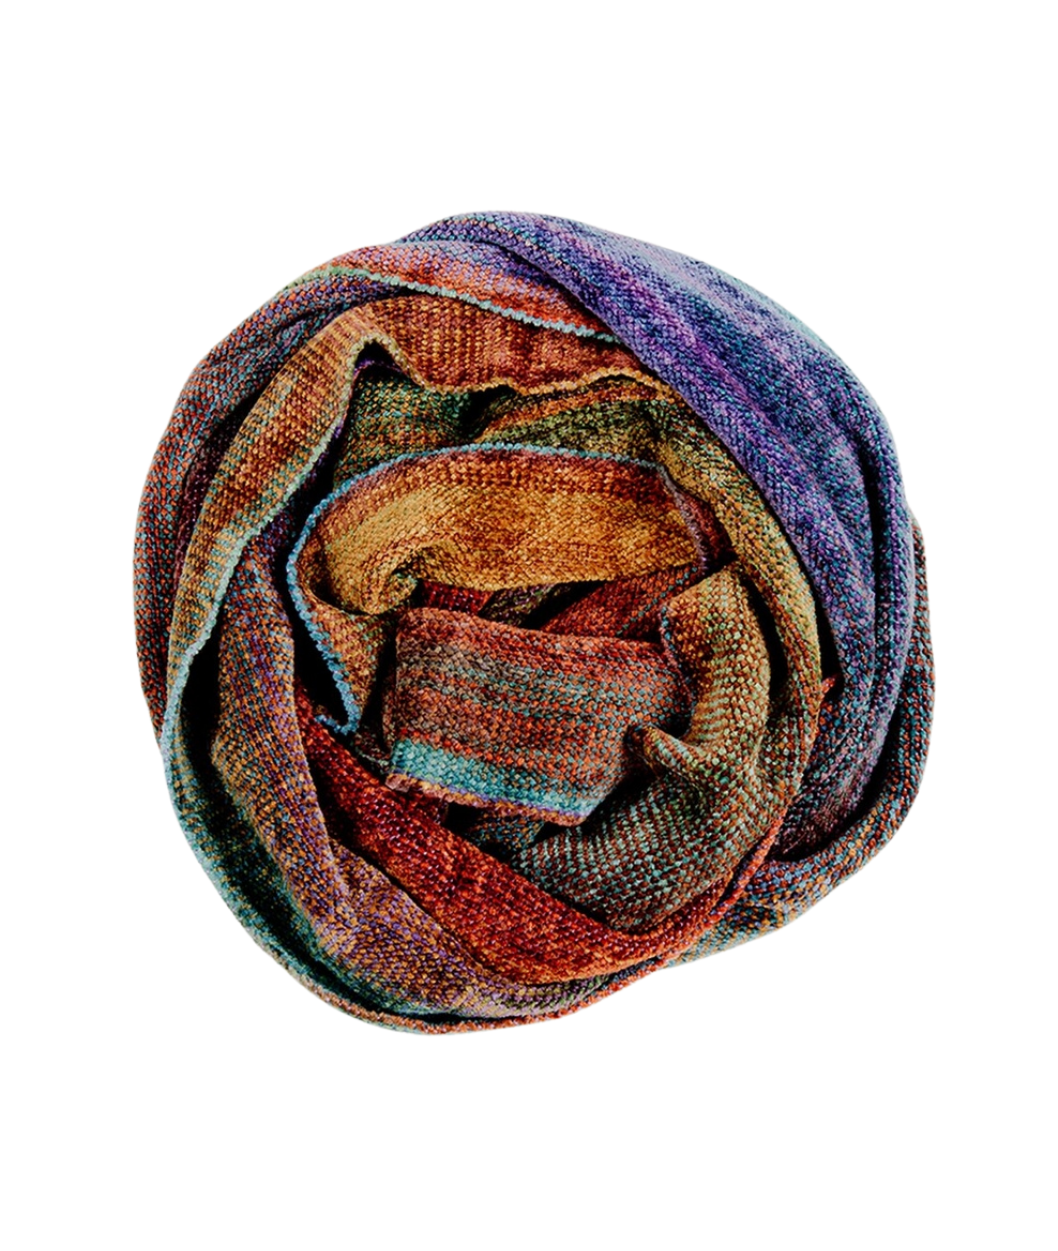 Handwoven Bamboo Chenille Infinity Scarf - Prism Mix
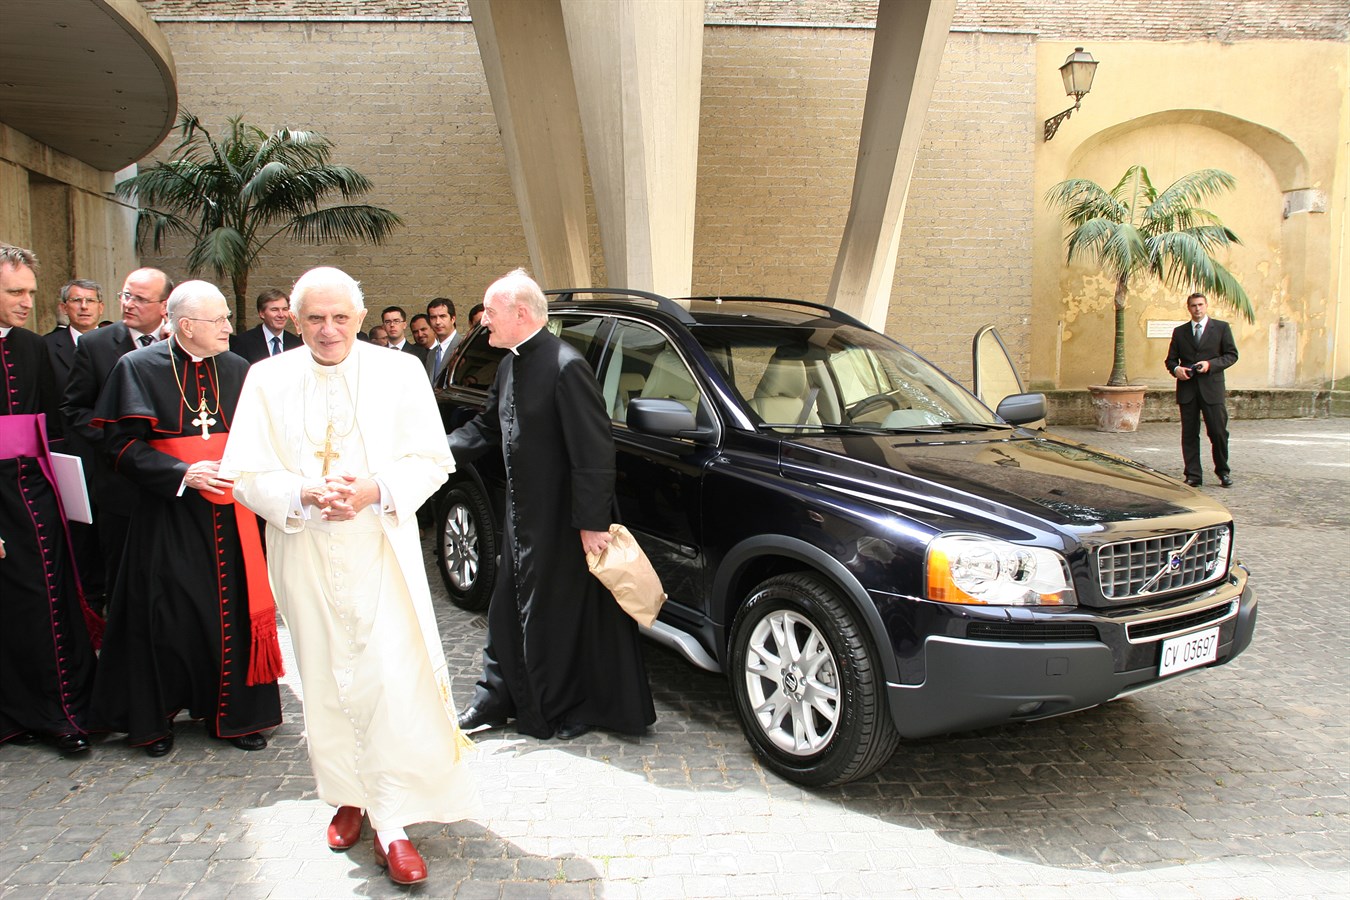 Volvo Cars presented His Holiness, Pope Benedict XVI, with a Volvo XC90 on Wednesday June 28th
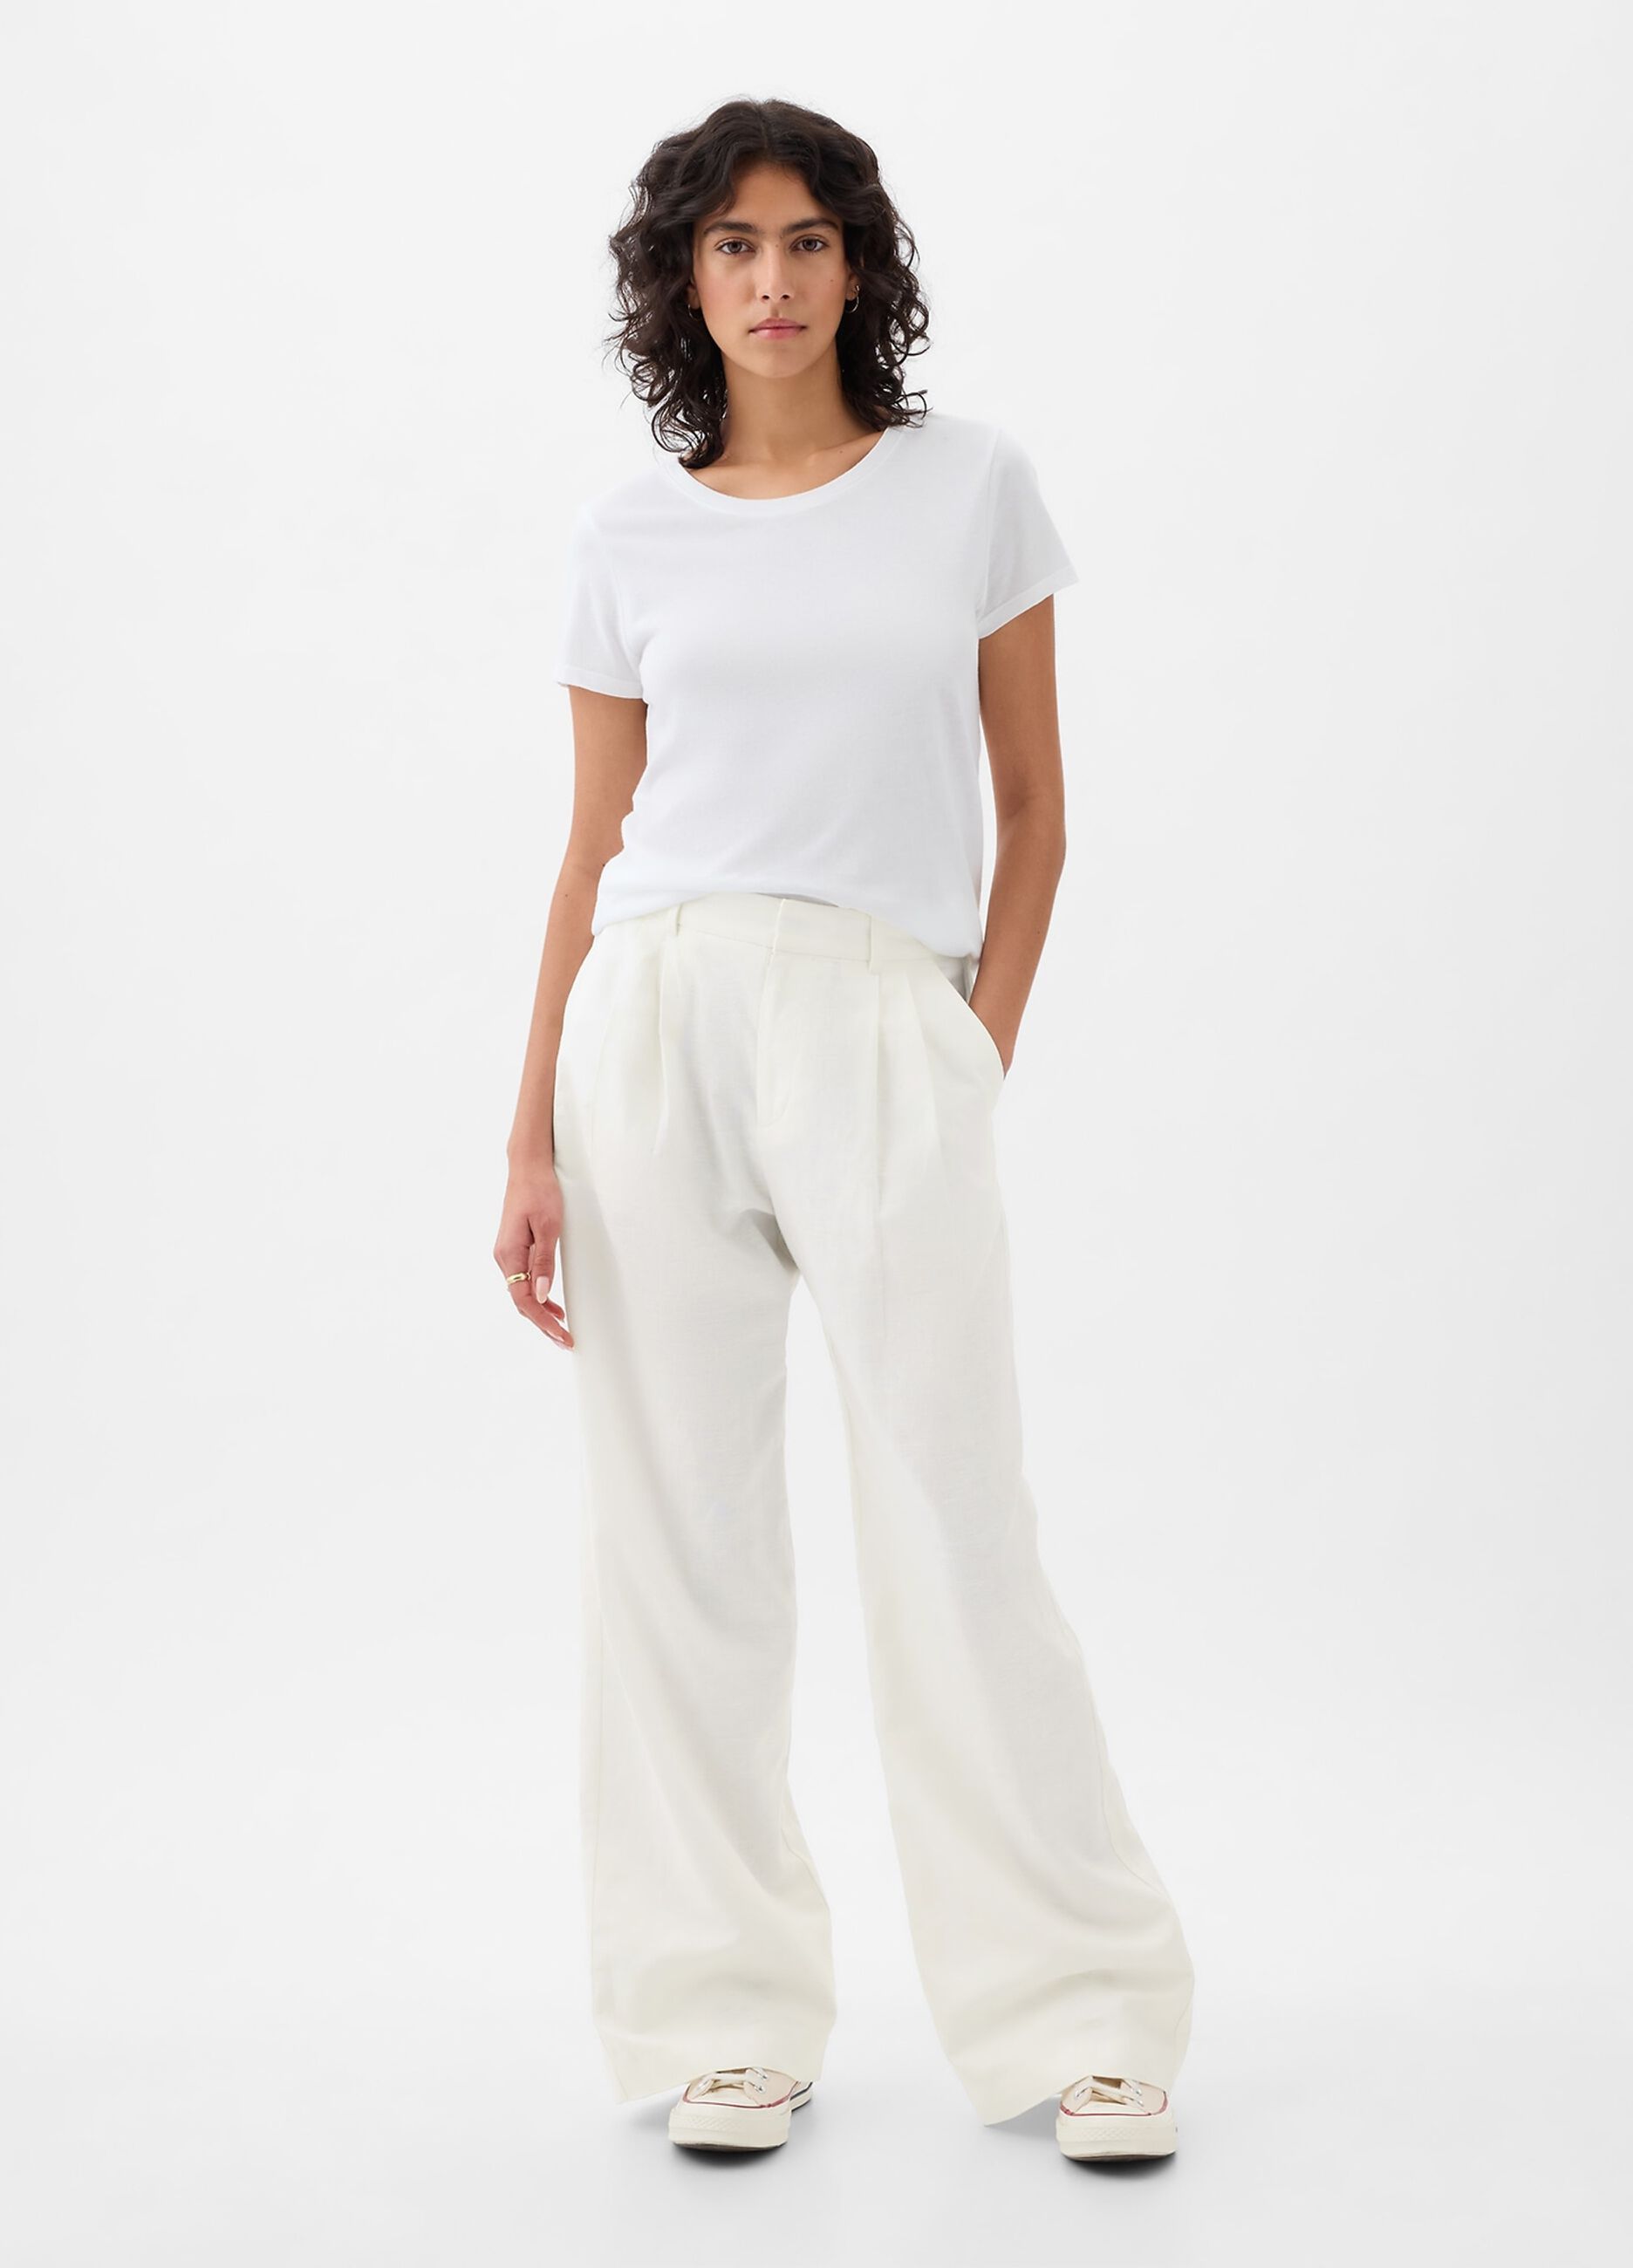 Wide-leg trousers cotton and linen

■ Prompt
Transcribe the full listing above exactly, with the images removed.

■ Solution for this task
 Handwoven Bamboo Chenille Infinity Scarf - Prism Mix
 Volvo Cars presented His Holiness, Pope Benedict XVI, with a Volvo XC90 on Wednesday June 28th
 Wide-leg trousers cotton and linen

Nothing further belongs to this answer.